McChicken Patty: Chicken, water, salt, sodium phosphates. Battered and breaded with: bleached wheat four, water, wheat flour, food starch-modified, salt, spices, partially hydrogenated soybean oil and cottonseed oil with mono -and diglycerides, egg whites, wheat gluten, paprika, dextrose, leavening (sodium acid pyrophosphate, baking soda, monocalcium phosphate, ammonium bicarbonate), garlic powder, yeast, natural flavor (plant source), extractives of paprika. Prepared in vegetable oil (Canola oil, corn oil, soybean oil, hydrogenated soybean oil with TBHQ and citric acid added to preserve freshness). Dimethylpolysiloxane added as an antifoaming agent.

Regular Bun: Enriched flour (bleached wheat flour, malted barley flour, niacin, reduced iron, thiamin mononitrate, riboflavin, folic acid, enzymes), water, high fructose corn syrup, sugar, yeast, soybean oil and/or partially hydrogenated soybean oil, contains 2% or less of the following: salt, calcium sulfate, calcium carbonate, wheat gluten, ammonium sulfate, ammonium chloride, dough conditioners (sodium stearoyl lactylate, datem, ascorbic acid, azodicarbonamide, mono- and diglycerides, ethoxylated monoglycerides, monocalcium phosphate, enzymes, guar gum, calcium peroxide, soy flour), calcium propionate and sodium propionate (preservatives), soy lecithin.

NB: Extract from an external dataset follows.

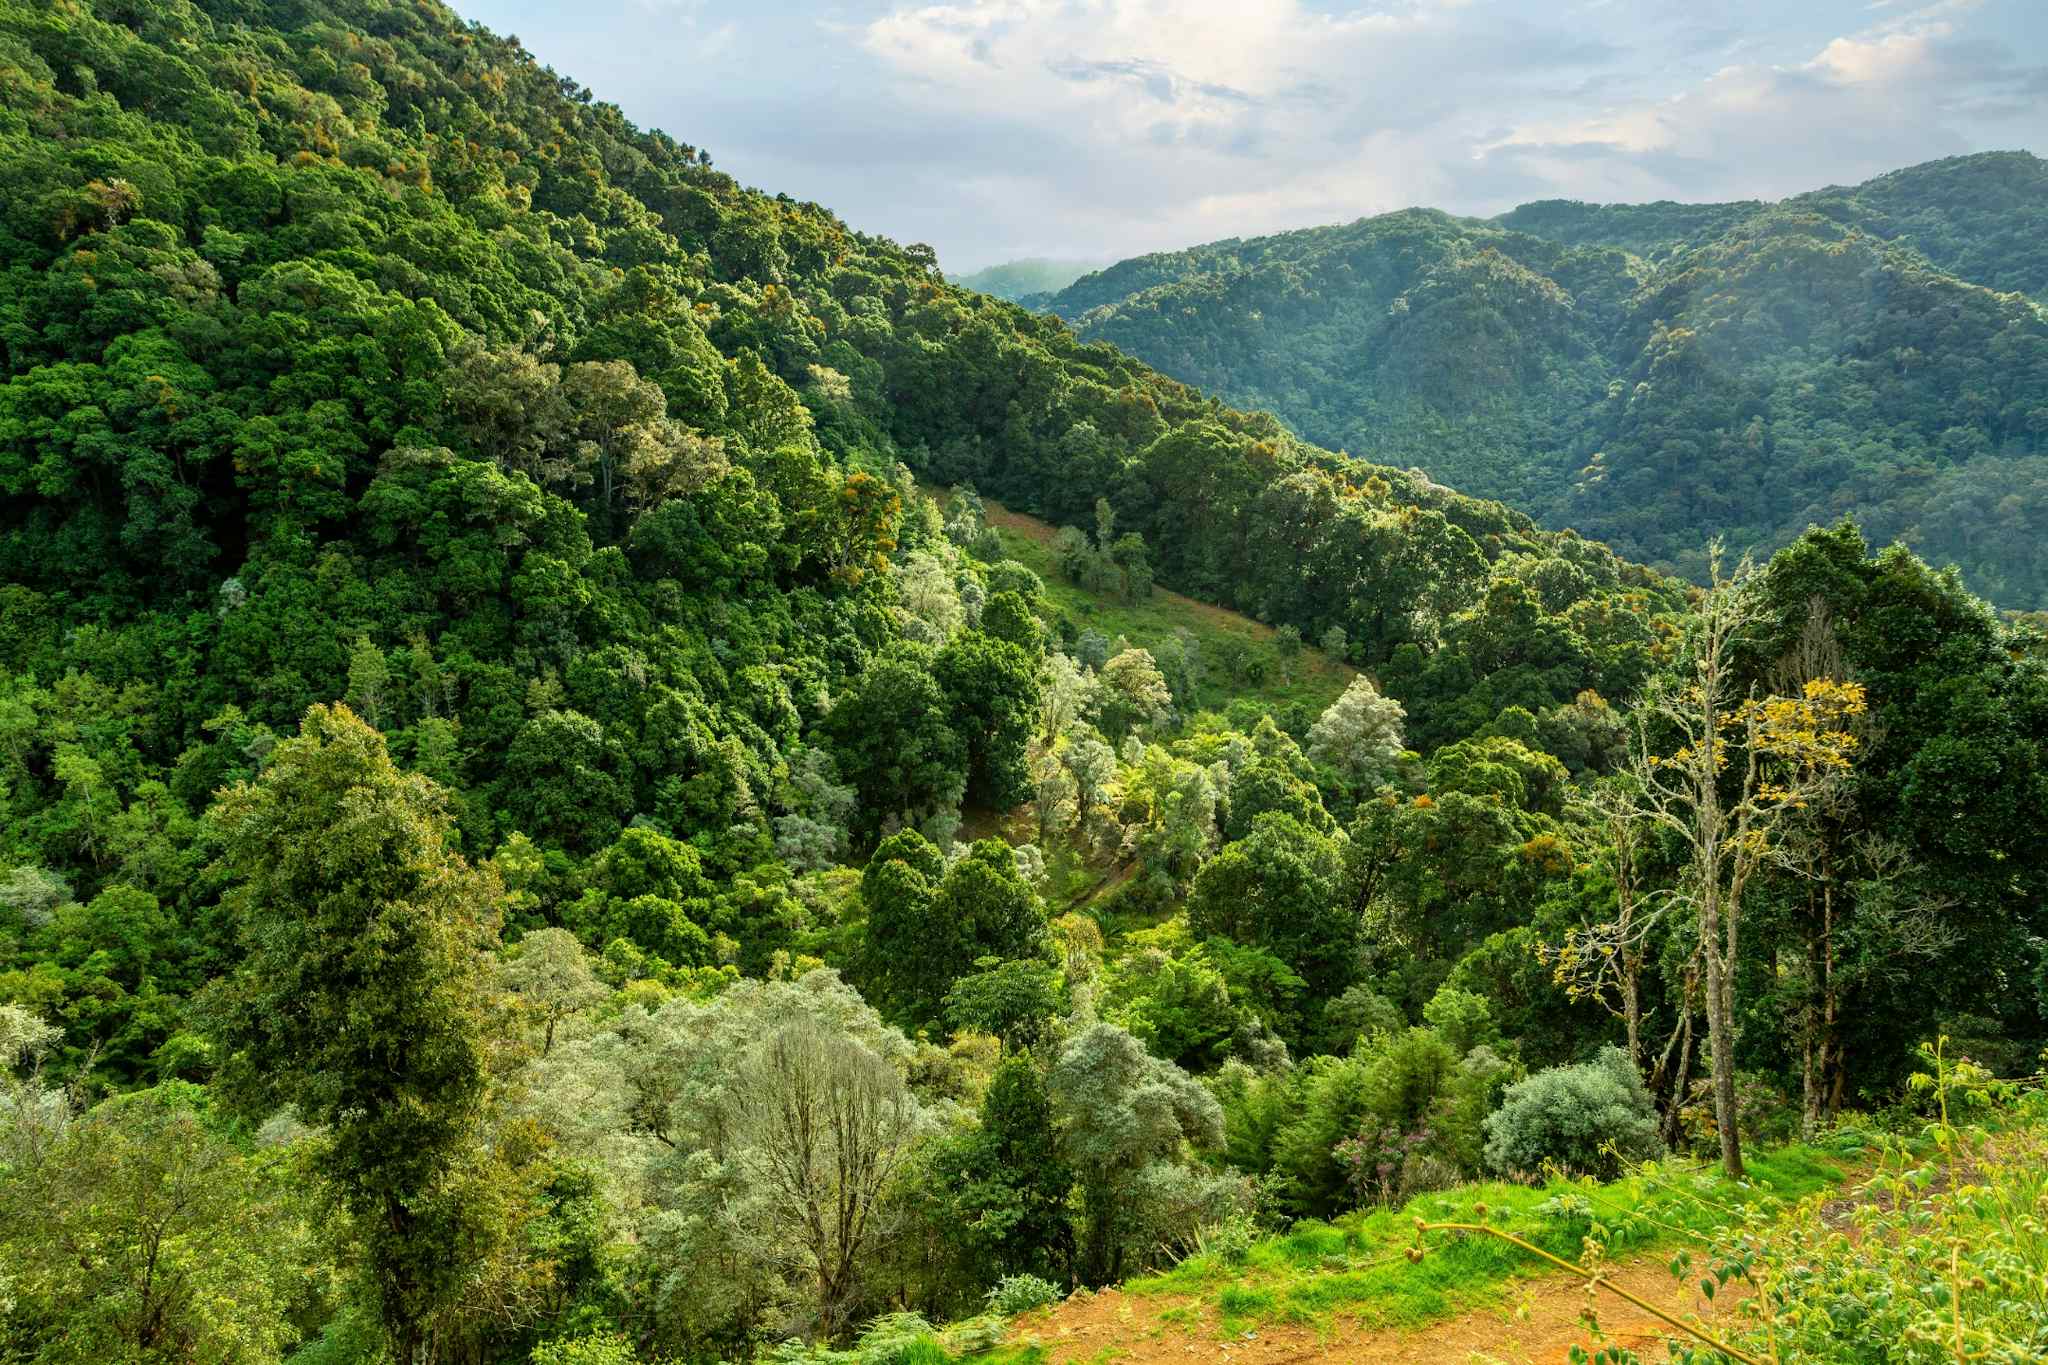 Green, forest hills in San Gerardo de Dota, Costa Rica.

Mayonnaise Dressing: Water, soybean oil, distilled vinegar, maltodextrin, food starch-modified, enzyme modified egg yolk, salt, sugar, xanthan gum, mustard flour, potassium sorbate (preservative), lemon juice concentrate, polysorbate 80, natural flavor (animal source), calcium disodium EDTA to protect flavor, beta carotene (color).

All those ingredients for $.99? And you know they must be making some sort of profit. How can this be? And an even more important question: Why would you want any of that in your body or — even worse — your child’s body. (And, BTW, buying McDonald’s may not even be cheaper. At least that’s what another smart blogger found out when she figured out how much it costs to cook at home versus buying McDonald’s for a family of four. Scroll down past the yummy-sounding recipe if you click through…)

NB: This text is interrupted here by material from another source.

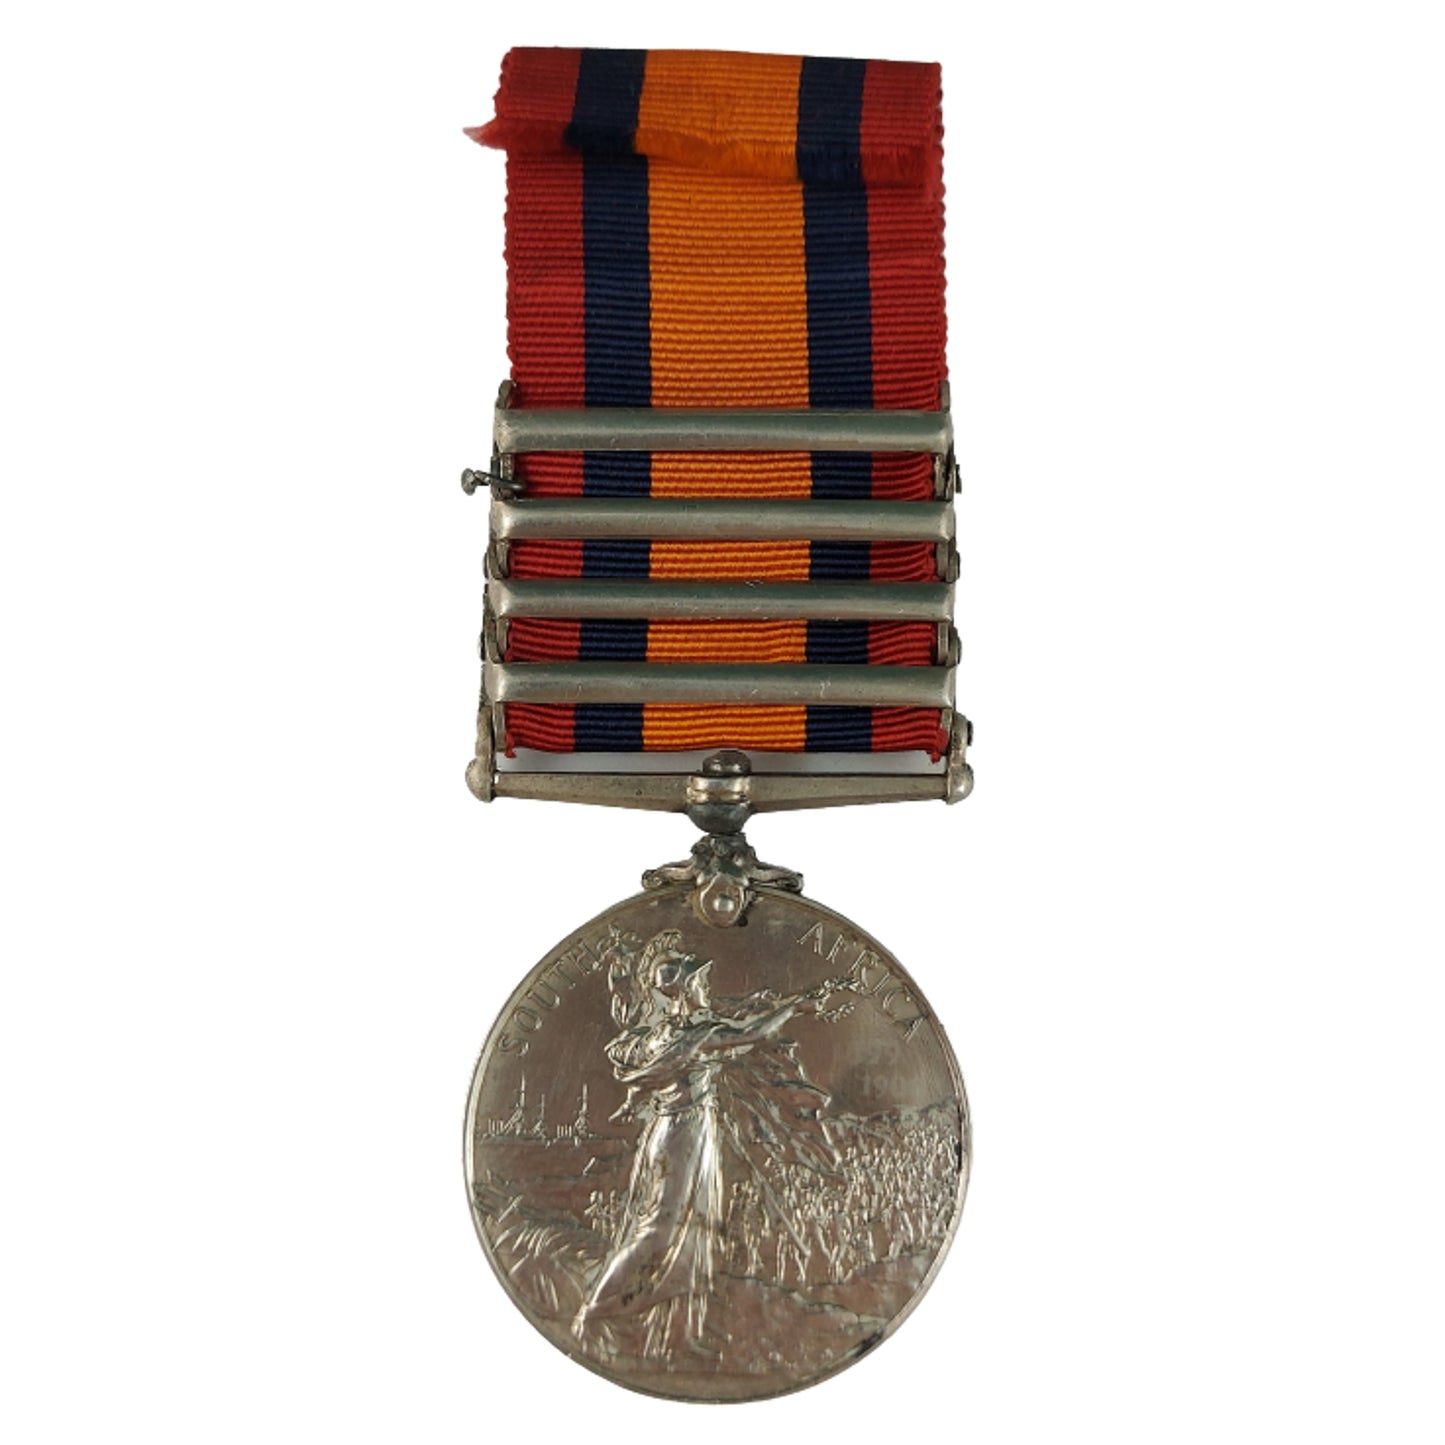 Pre-WW1 British QSA Queen's South Africa Medal - Volunteer Company Loyal North Lancashire Regiment

Anyway, digressing as always: I won’t stand here and condemn anyone for eating their McChicken sandwich because that’s all they could afford. (I will make a wish that some day soon everyone will be able to have access to healthy, fresh foods regardless of their income.) But for anyone who can afford to make a different choice I ask: Aren’t you and your health worth the extra couple of bucks?

This post is how I am participating this week in Real Food Wednesdays, an awesome campaign to get people thinking about and eating real food. Would love to hear about your lunch. What did you have? Was it worth the time and effort?

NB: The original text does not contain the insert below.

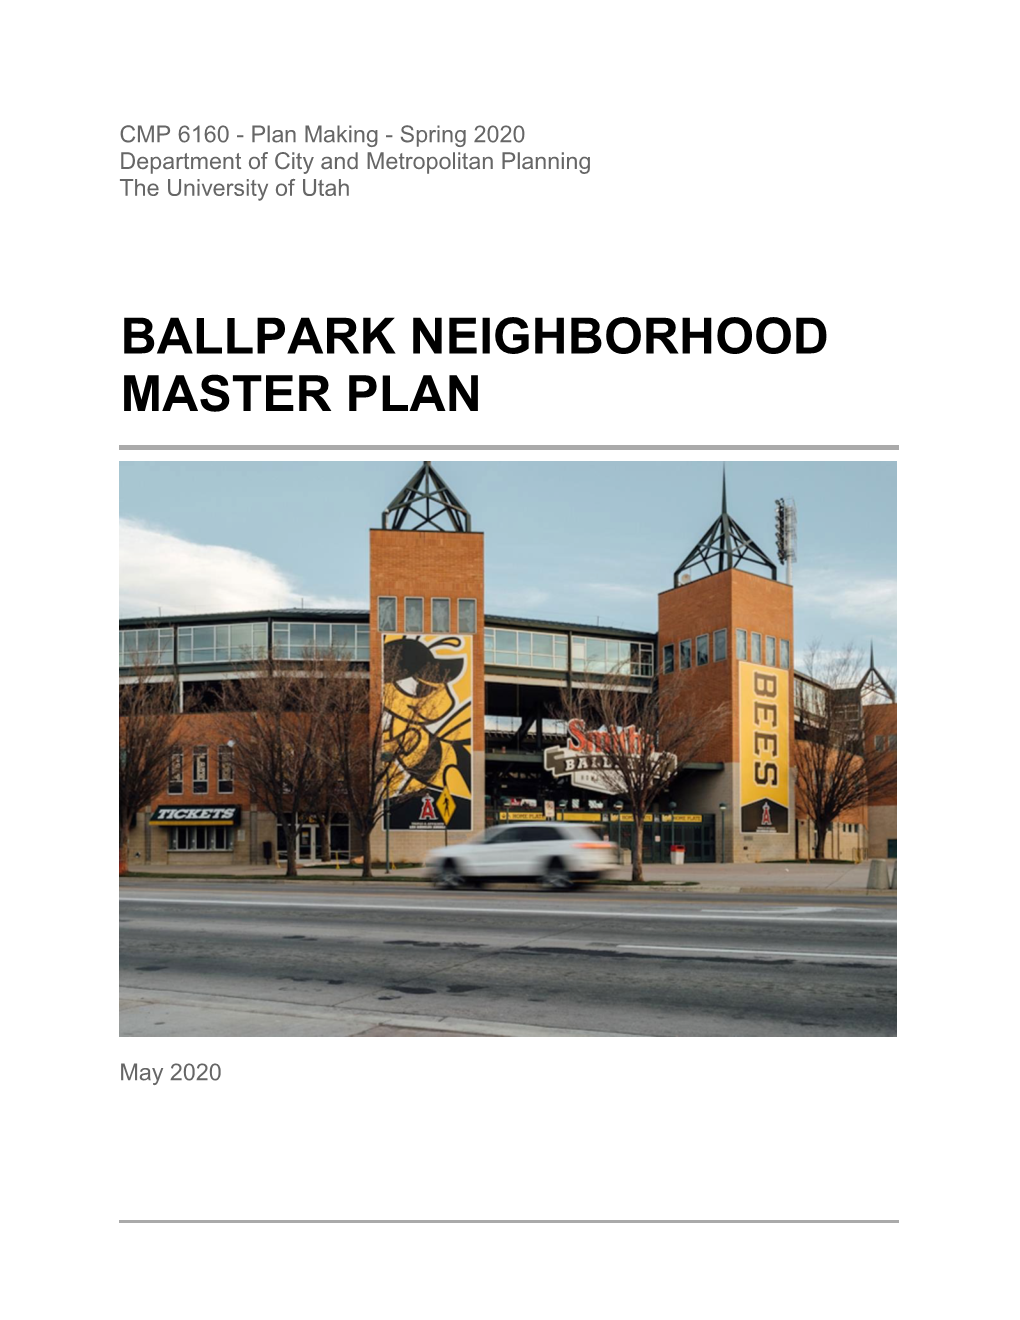 Ballpark Neighborhood Master Plan

3 Responses to “Is a $5.97 Sandwich Worth It?”

  1. Wow! That chicken thing from McDonald’s didn’t even sound like food. You’re right, why would you want that in your body?! The perception that science experiment food is cheaper is a real shame and, unfortunately, a cop out. Trust me, I used it for years….

    Thanks for the link love! :)

  2. Gladys says:

    After my war with cancer I did myself a favor-I cook my own food, It is almost 3 yrs since I went to any fast food joint-I kicked the soda habit too so I live on a strict vegan diet, fruits and water-Life is Good!

  3. Great take on just how cheap the food at fast food restaurants really is! Spend your money on food OR you will spend much more on medicine, that’s for sure!

    Would love it if you would consider sharing this blog or another post at Monday Mania. Hope to see you there!